Friday, January 4, 2019: 2:10 PM
Salon 12 (Palmer House Hilton)
As the politics and science surrounding the pollution and ecological instability of the Chesapeake Bay has developed since midcentury, Virginia’s aging watermen—those who crab, fish, and oyster for a living—are forced to change as well. Aware that young watermen face a difficult future, older interviewees describe their resentment towards outsiders they term “come-heres,” who celebrate rural eastern Virginia’s beauty and authenticity but from an outsider perspective. Watermen attribute political power to come-heres and the legislators who they see as pursuing interests counter to their own: tourism, suburban development, and pleasure fishing. From the outsider perspective of a “come-here,” this presentation discusses the complicated relationship between older rural people and the researcher as a “come-here” with privilege and power.

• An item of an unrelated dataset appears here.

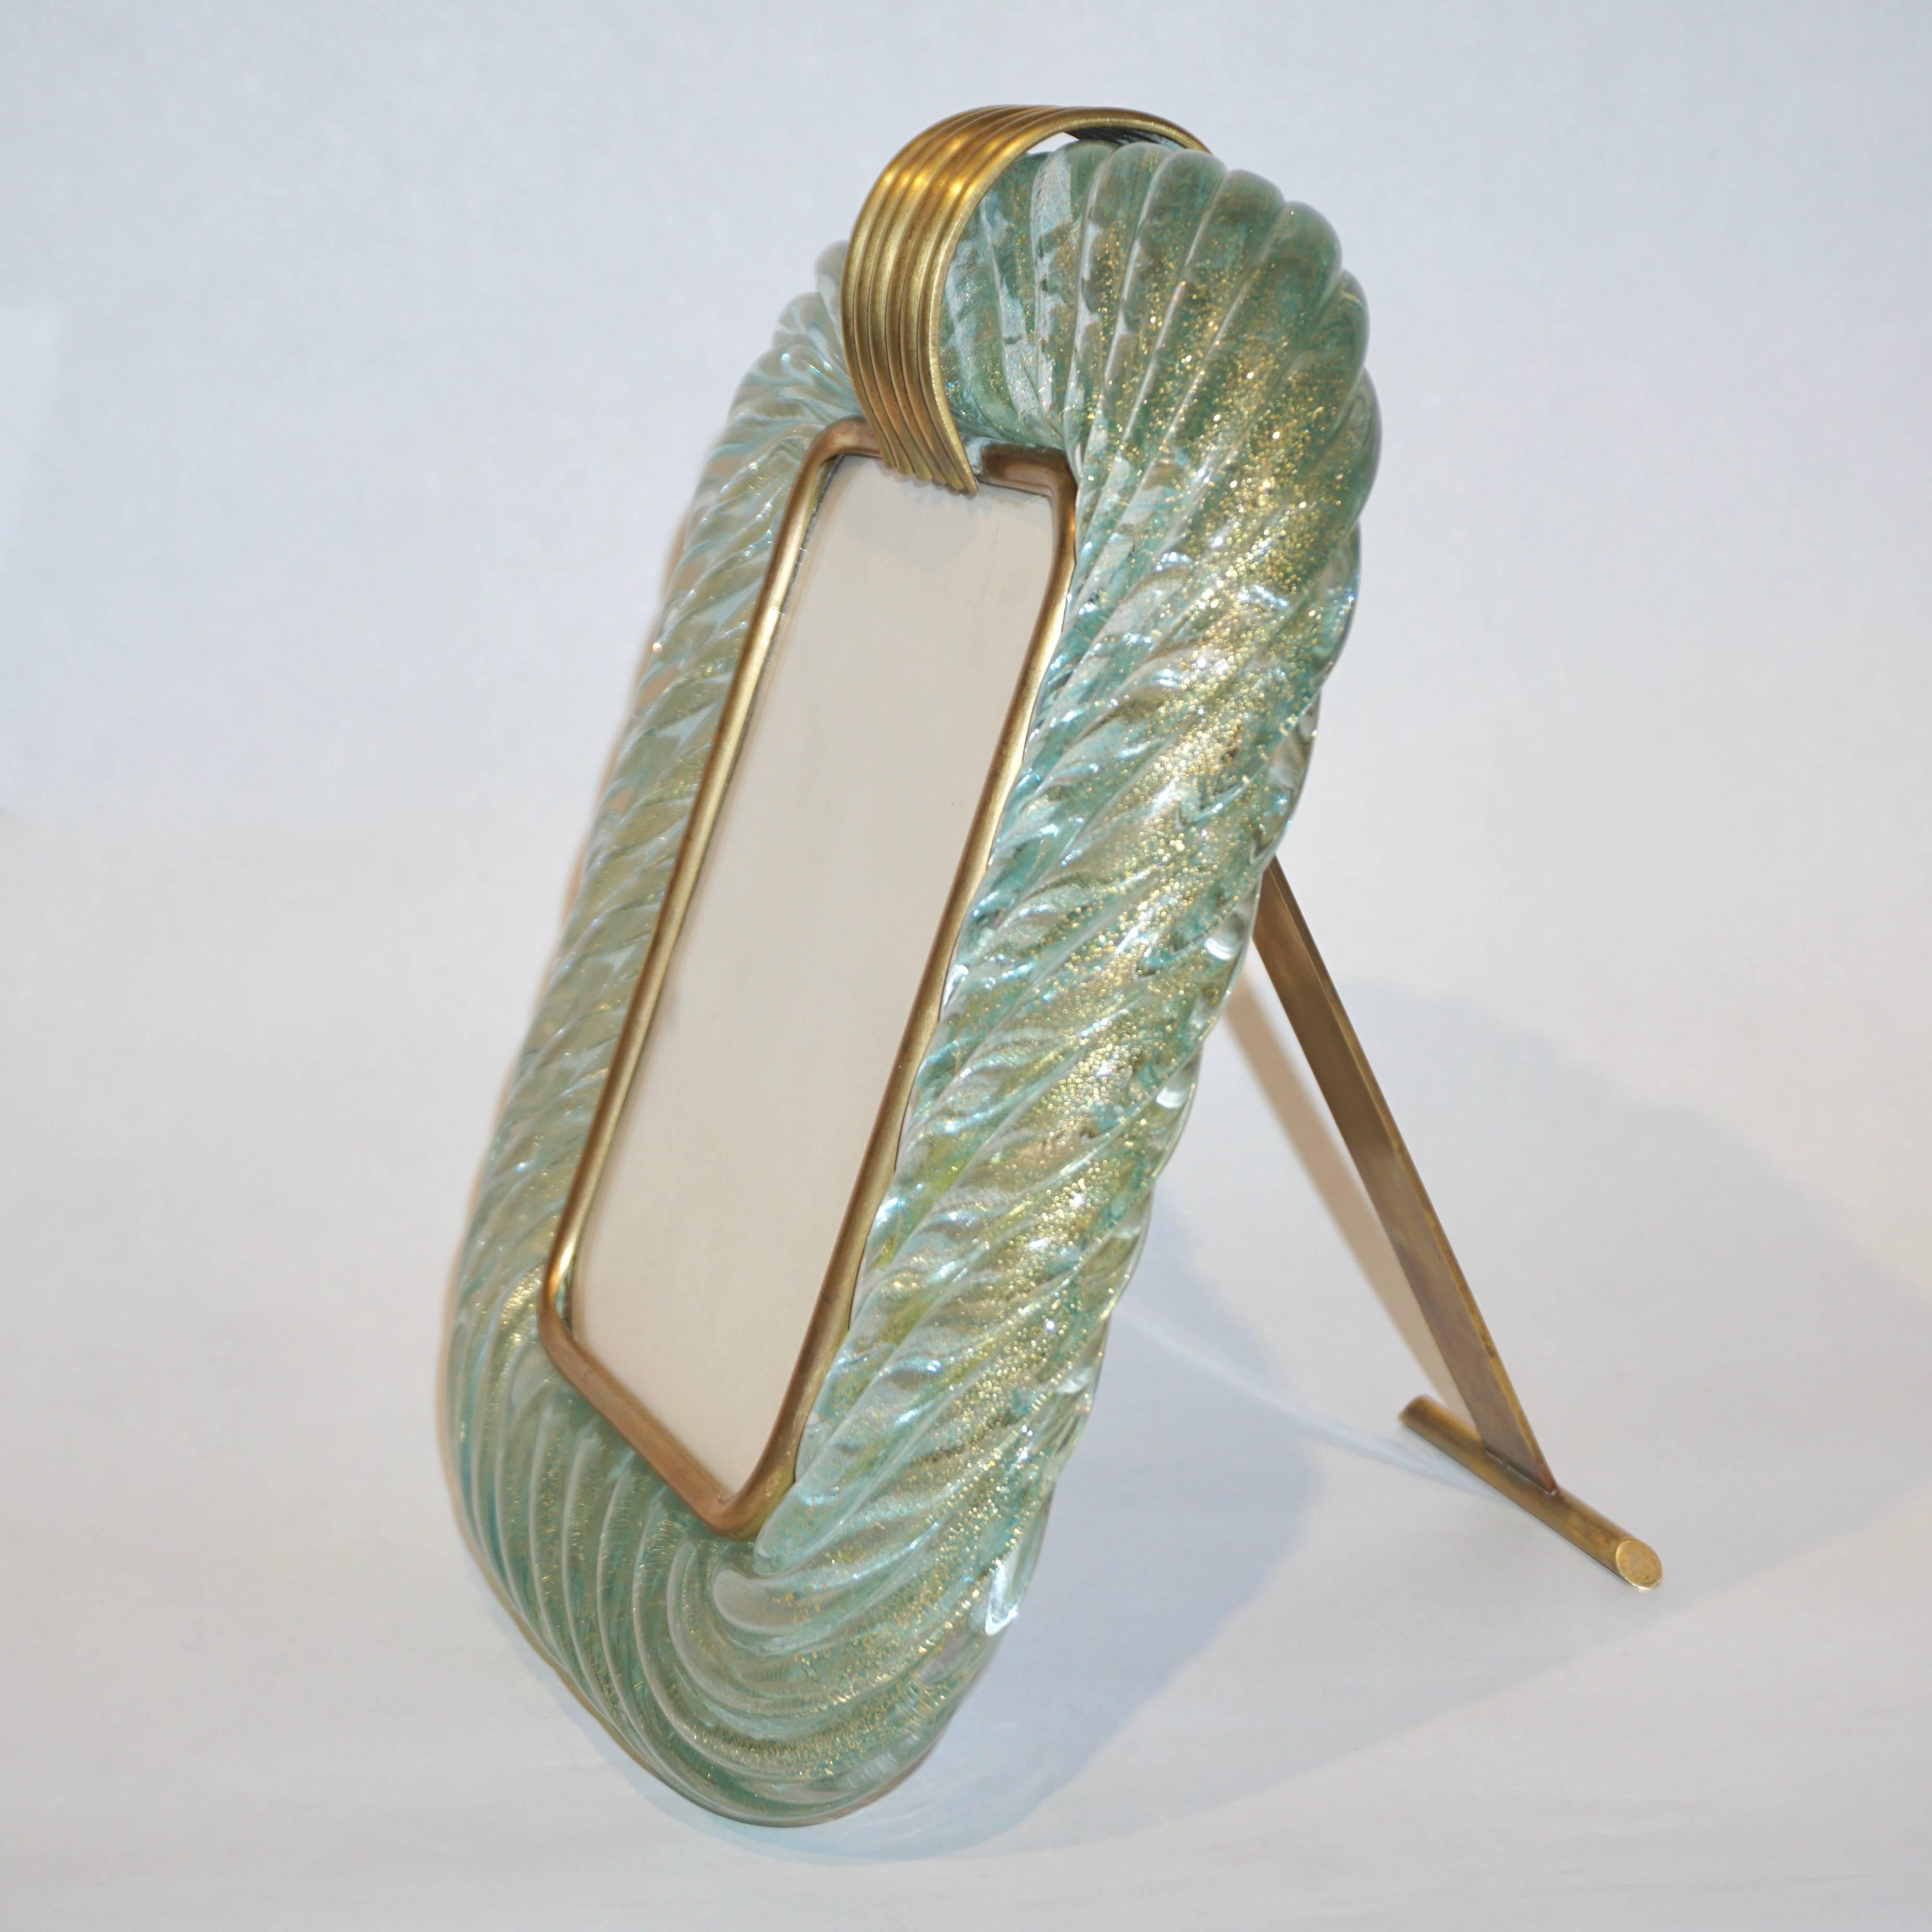 Italian Barovier Toso Vintage Twisted Gold and Aqua Blue Murano Glass Photo Frame, 1970s

Surmounting this gap requires acknowledging that interviewees, in this case primarily watermen, and their interviewers often disagree about the causes of environmental degradation, but both want to save the bay. Loyalty, for this researcher, means commitment to present and highlight the knowledge and opinions of people with which we profoundly disagree. In Liz Stanley and Sue Wise’s words, we should abandon the hope that researchers “can become experts in other peoples’ lives.” Instead, through its tie to research institutions and academics, oral history amplifies the voices of these less privileged stakeholders, and creates a new role for watermen as experts, the arbiters of what is and is not authentic to their communities.